NGINX Plus has several points of integration to help automate your processes and facilitate infrastructure and application management:
- Chef – If you’re a Chef user, we have tutorials for installing NGINX and setting up high‑availability (HA) NGINX Plus clusters. There are quite a few recipes for managing NGINX in the Chef cookbook for NGINX.
- Puppet – Puppet has a well‑maintained GitHub repository with a multipurpose NGINX module.
- Ansible – Ansible, recently acquired by Red Hat, is becoming increasingly popular because it is “agentless”, as opposed to Chef and Puppet which require you to install a software agent on every server you want to manage. Ansible instead connects directly to managed servers using standard SSH. For step‑by‑step instructions, see Installing NGINX and NGINX Plus with Ansible on our blog.
Bonus Method – Push‑Button Deployments with Jenkins
Jenkins is a popular open source CI/CD tool, and becomes even more powerful when combined with NGINX and NGINX Plus. DevOps teams can simply check the desired NGINX configuration changes into GitHub, and Jenkins pushes them out to production servers.

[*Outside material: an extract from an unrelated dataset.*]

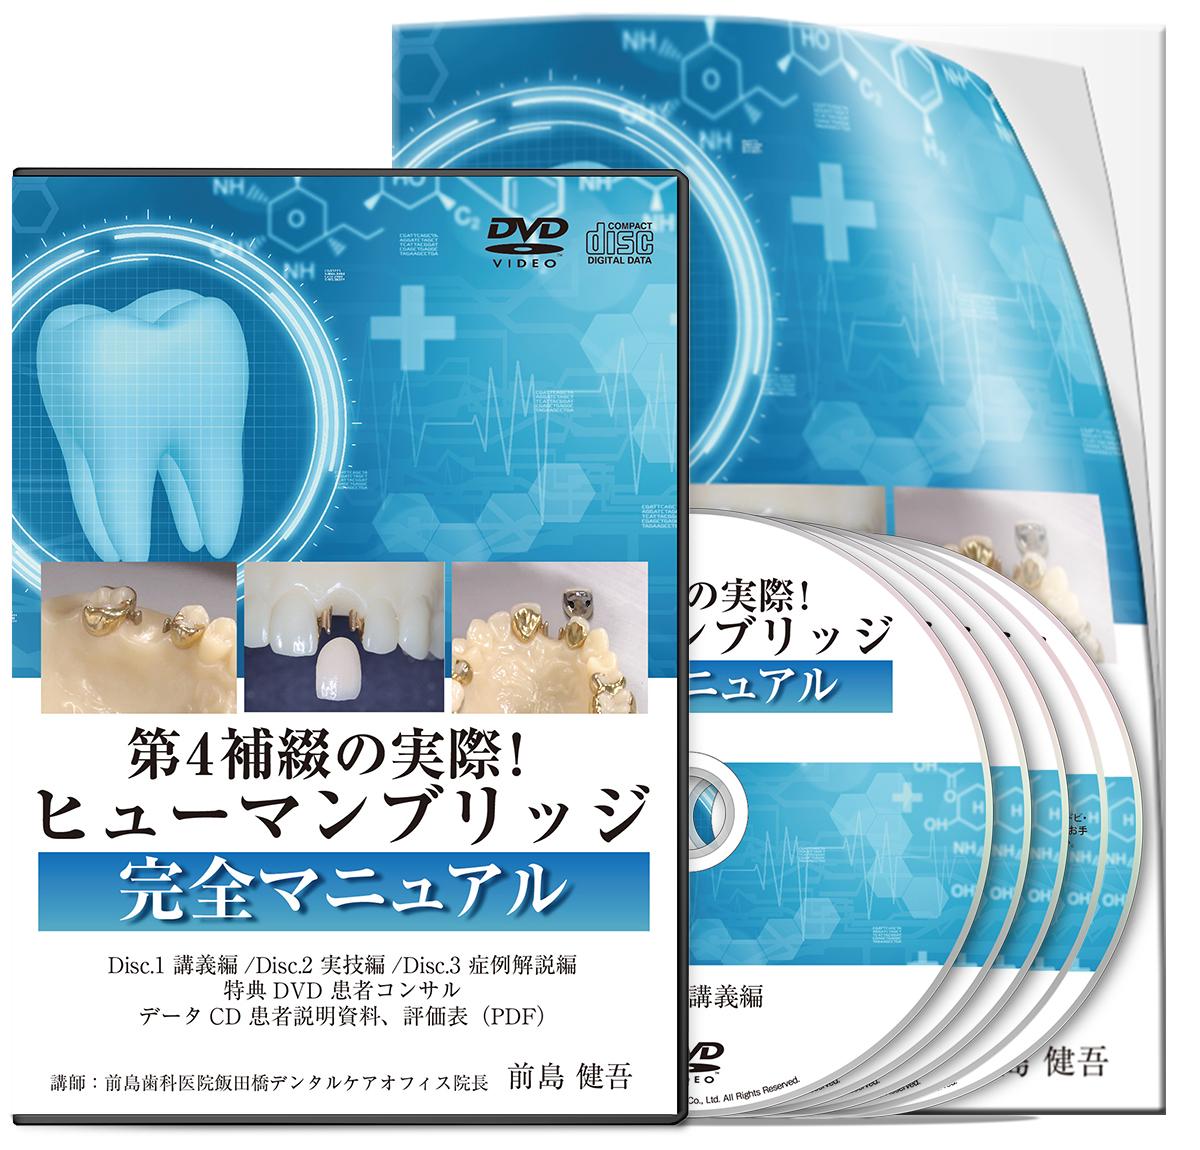 前島PJ-2_第4補綴の実際!ヒューマンブリッジ完全マニュアル-S1│医療情報研究所DVD
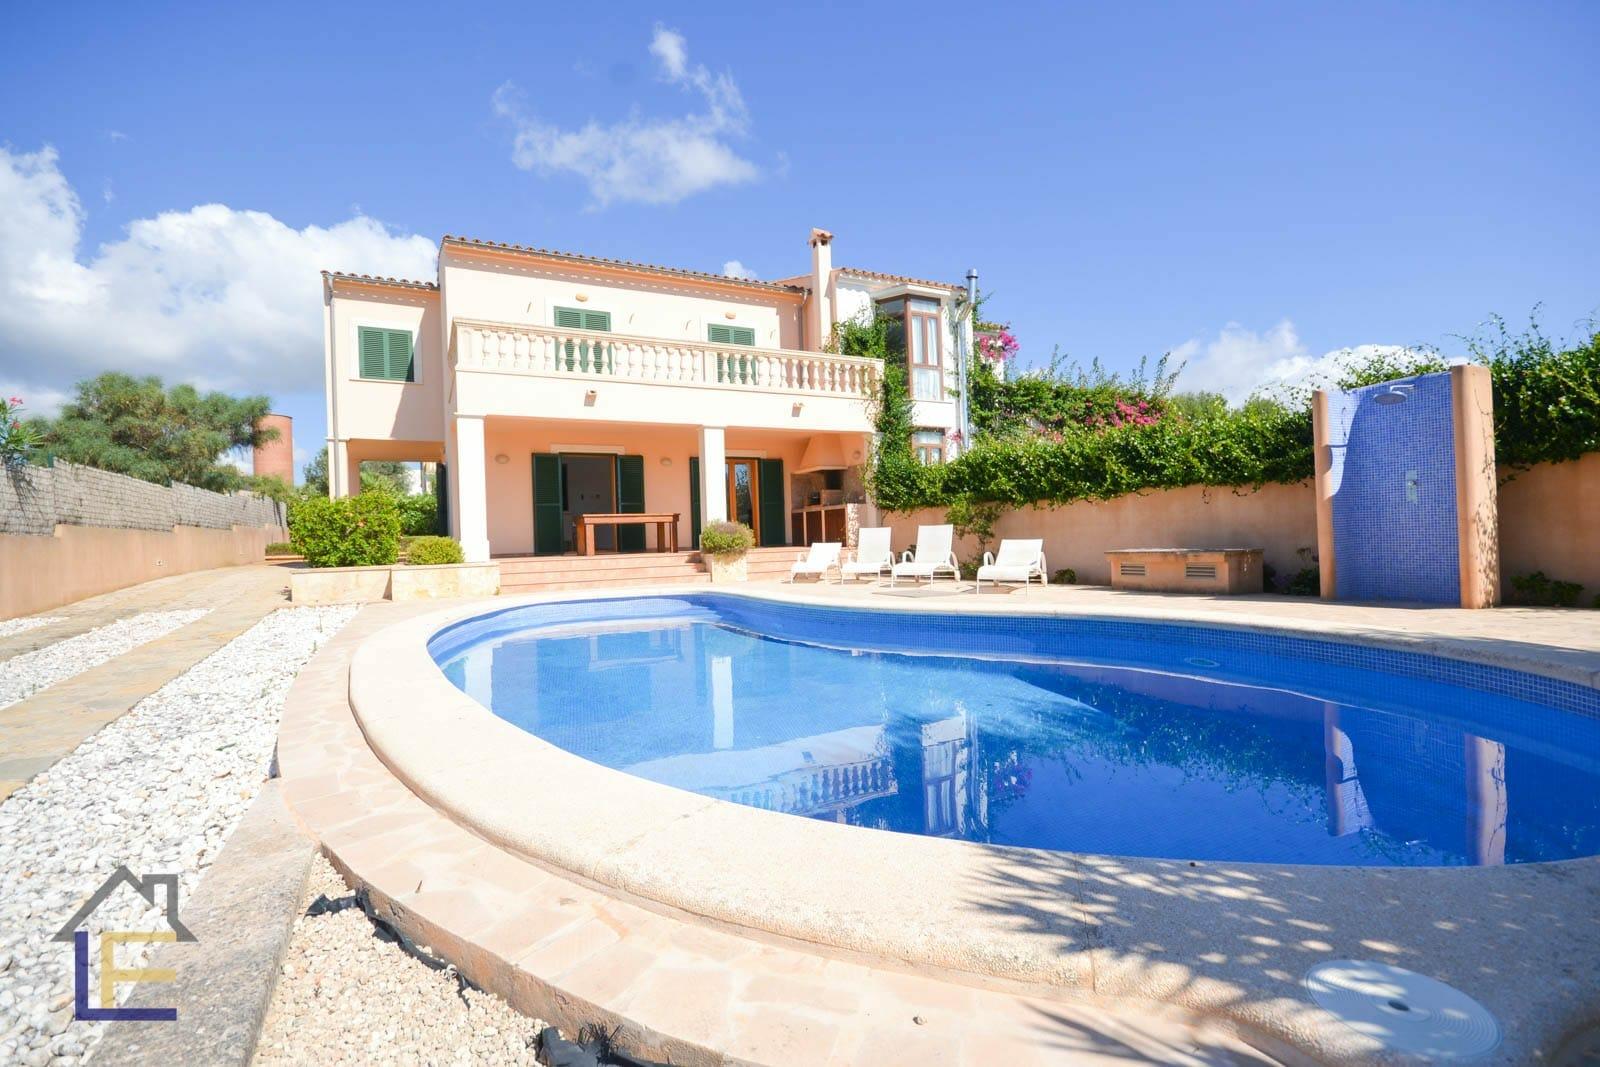 Fantastische Chalet mit Pool in Calas de Mallorca zu vermieten

Our recent Bluestem Brands case study includes a great example of the combination in action. Using Jenkins, Bluestem Brands automates every aspect of their deployment and keep things in sync: when developers update code, GitHub launches a Jenkins build. After the code updates are deployed to the upstream application instances, it’s just a simple API call to make sure that new instances with a clean cache and the latest code are handling requests.
Conclusion
Maintaining large‑scale deployments is always challenging, but automating the process can alleviate some of the difficulty. Automation allows you to create testable procedures and codify important processes, ensuring that everyone on the DevOps team is on the same page. Numerous NGINX users have told us how automation has reduced complexity, eliminated bugs caused by manual processes, and made it easier to roll out new functionality into production.
Both NGINX Plus and the open source NGINX software provide multiple integrations for updating your DevOps workflow and automating your architecture, whether you’re launching your first instance or managing hundreds of them.